Я взвесил все плюсы и минусы своего заточения. Минусов было побольше. Если честно, то плюсов я не нашел. Ну, может быть, только один: Юлькин запах, подложенный чистым пером в обвисшее брюхо подушки. Проснись я пораньше на пару часов, доктор был еще в лазарете. Он бы меня без лишних слов выписал. А теперь у Любаши был свой небьющийся козырь: за сохранность больных отвечала она головой, причем с шести вечера голова эта бдела над нами уже в одиночку. Днем за нашим здоровьем надзирал старый врач. Звали его Карл Карпыч, как он сам объяснял про себя, рожден был скрещением рыбы и немки; в общем-то, чистый еврей. Под имя свое он приятно картавил, под отчество был лупоглаз. Уколы Карл Карпыч в нас жалил под жизнерадостный свист, вместо брани стрелялся шрапнелью латыни. Пока доктор трудился, санитарка усердно храпела, прерываясь лишь на разминку со шваброй. По ночам, поменяв халат санитарки на халат медсестры, Любаша была беспощадно бодра, что подростков снабжало специальным видом опеки. Поговаривали, что Любашин вердикт в полной норме обходится организму недешево.

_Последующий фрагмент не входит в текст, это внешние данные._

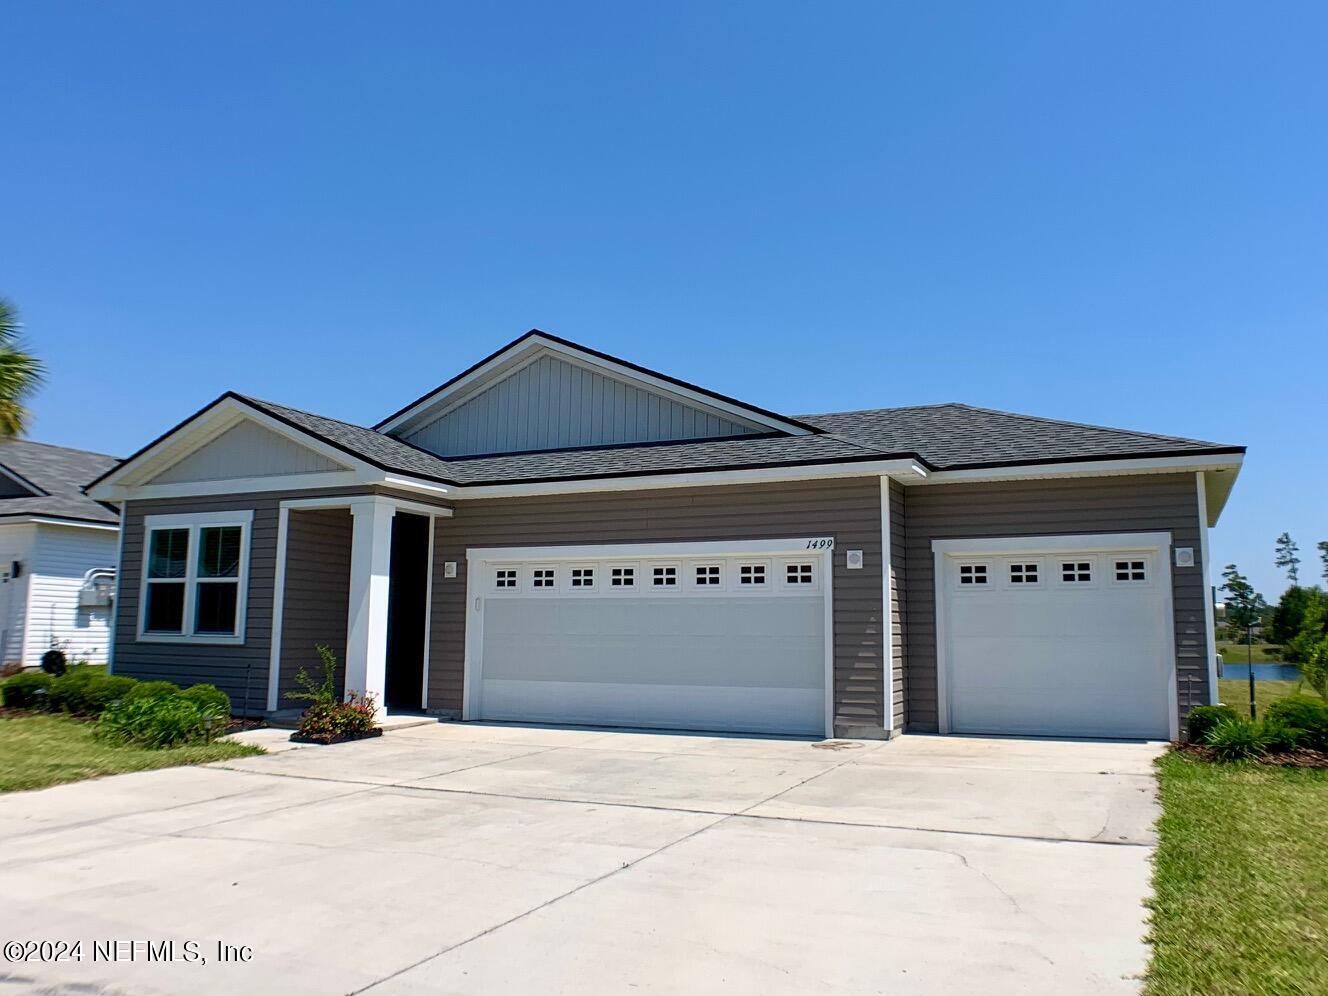 Middleburg, FL home for sale located at 1499 Tropical Pine Cove, Middleburg, FL 32068

Погашать обязательства было предложено мне в клетушке медперсонала. Как девушка честная, Любаша предупредила:

– Я быстрая, но ненасытная. Придется тебе попотеть. На-ка, прими. – Опрокинув в меня стопку со снадобьем, пояснила: – Чтоб сердечко качало-качало, да не подкачало. – Потом плюхнулась на кровать и выудила коренастую сисю: – Ну, пострел, приступай!

Приступил. Отдавалась Любаша охотно и сразу, а в миг блаженства хлестала щеками матрац. В паузах я отвлекал медсестру диалогом.

– У тебя жених есть?

– Да по десятку на месяц. Я всех вас люблю.

– Так уж и всех?

– А чего? Во мне жалости знаешь сколько? Как слез у дождя. Всех в ней тут искупаю. Ведь что такое любовь? Чистая жалость и есть. Остальное все – враки.

– Ну ты хватила!

Она согласилась:

– Ладно, погорячилась. Если точно, как гирьки в аптеке, слова подбирать, то любовь – это когда тебе жалко и при этом еще не противно. Жалко так, что можешь обнять. Я жалею хоть всех, да не всех тут люблю.

– И кого ты не любишь?

– Дворника Федор Савельича да крысы опасной – Альфонса. Федьку боюсь. У него мозга злая. И телом он неудобный, колкий какой-то, прогорклый нутром. Я Савельича уважаю, но не люблю, сторонюсь. По правде, он тоже не шибко меня домогается. Знает, что не согреет, – так только, чуть вдохновит понапрасну.

– А Альфонс?

– Больно мурый. И шпилится только для галочки. Так со мною нельзя. Я хочу бескорыстно, по-братски. Я же вам как-никак медсестра!

Кто б спорил! Именно Любаша, убиравшаяся при свете дня за нашим неизлечимым сиротством, с наступлением ночи помогала нам, бесприютным приютцам, обрести мимолетный приют в своих неревнивых объятьях. В ее поощрении инцеста я нахожу не развратную мерзость кровосмешения, а наивное очарование того целомудрия, что свойственно лишь младенцам и утрачивается тогда, когда над нами впервые свершают насилие, окуная по темя в лужу стыда. Покуда свободу ее не обуздает мораль, эта природно-бесстыдная девственность упивается вседозволенностью, в основе которой – приятие бытия.